Combined computational and spectroscopic structural characterization of oxygen-terminated diamond (110) surfaces

Diamond-based materials have unique properties that are exploited in electrochemical and quantum computing applications. When grown via chemical vapor deposition (CVD), the growth rate of the (110) face is typically much faster than the other two dominant crystallographic orientations, (111) and (100). Due to its fast growth rate, polished polycrystalline diamond predominantly exhibits (110)-texture, yet there are a lack of both experimental and theoretical studies on this surface. Whilst CVD growth confers hydrogen terminations on the diamond surface, many post-growth procedures such as polishing and lapping render the surface oxygen-terminated, which in turn impacts the surface properties of the material.
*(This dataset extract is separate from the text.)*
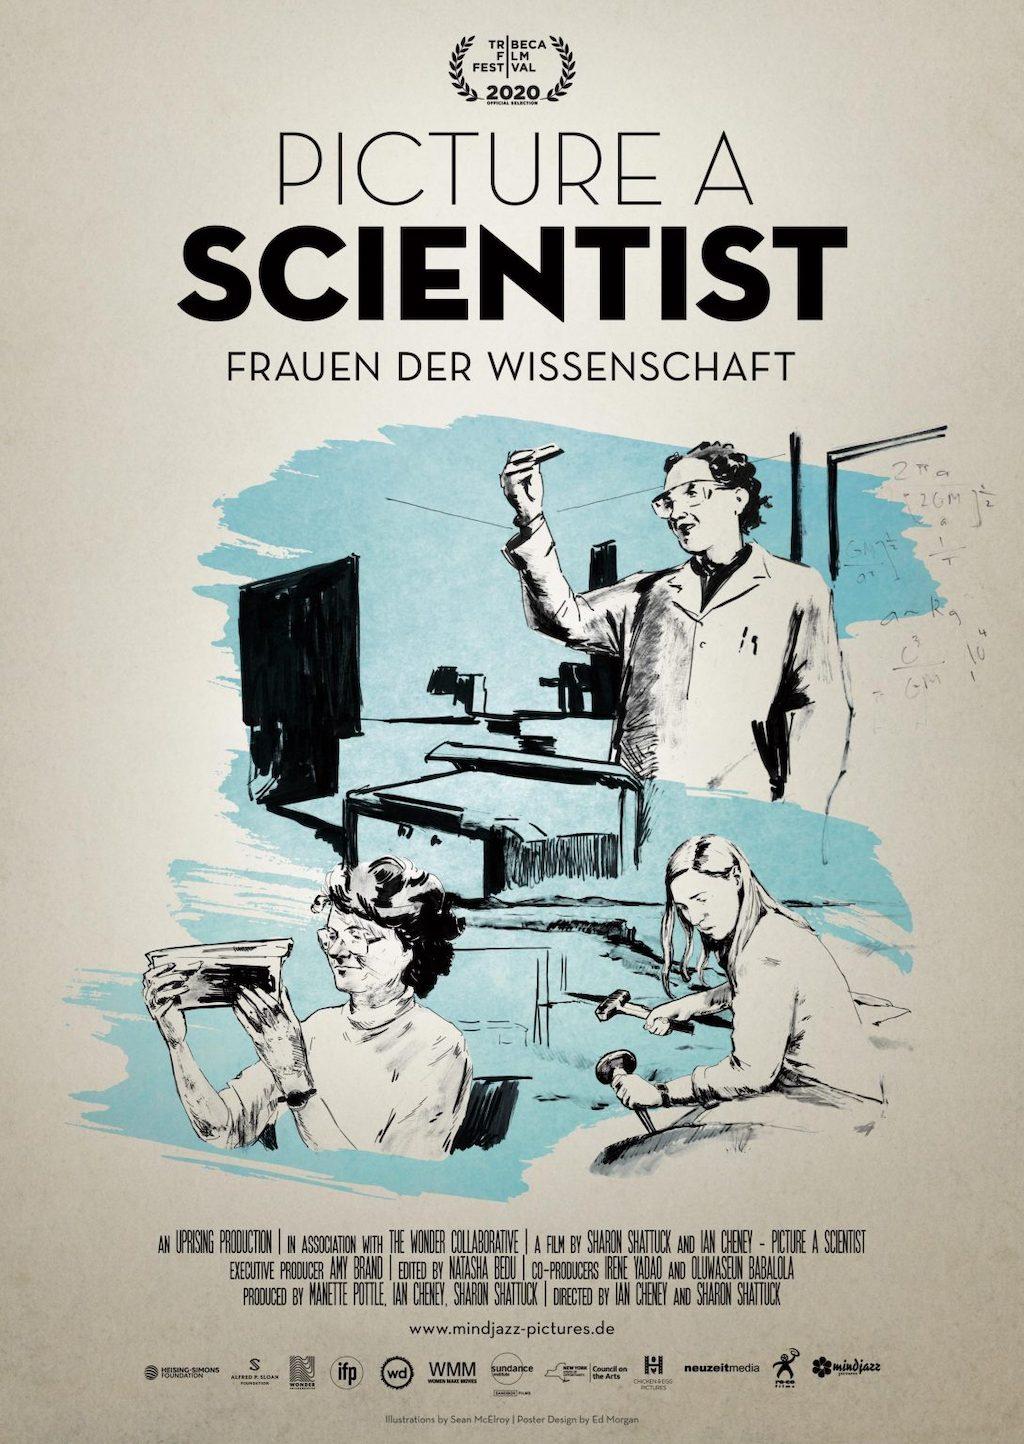 Picture a scientist

In this study, we determine the oxygenation state of the (110) surface using a combination of density functional theory calculations and X-ray photoelectron spectroscopy experiments. We show that in the 0-1000 K temperature range, the phase diagram of the (110) surface is dominated by a highly stable phase of coexisting adjacent carbonyl and ether groups, while the stability of peroxide groups increases at low temperatures and high pressures. We propose a mechanism for the formation of the hybrid carbonyl-ether phase and rationalize its high stability. We further corroborate our findings by comparing simulated core-level binding energies with experimental X-ray photoelectron spectroscopy data.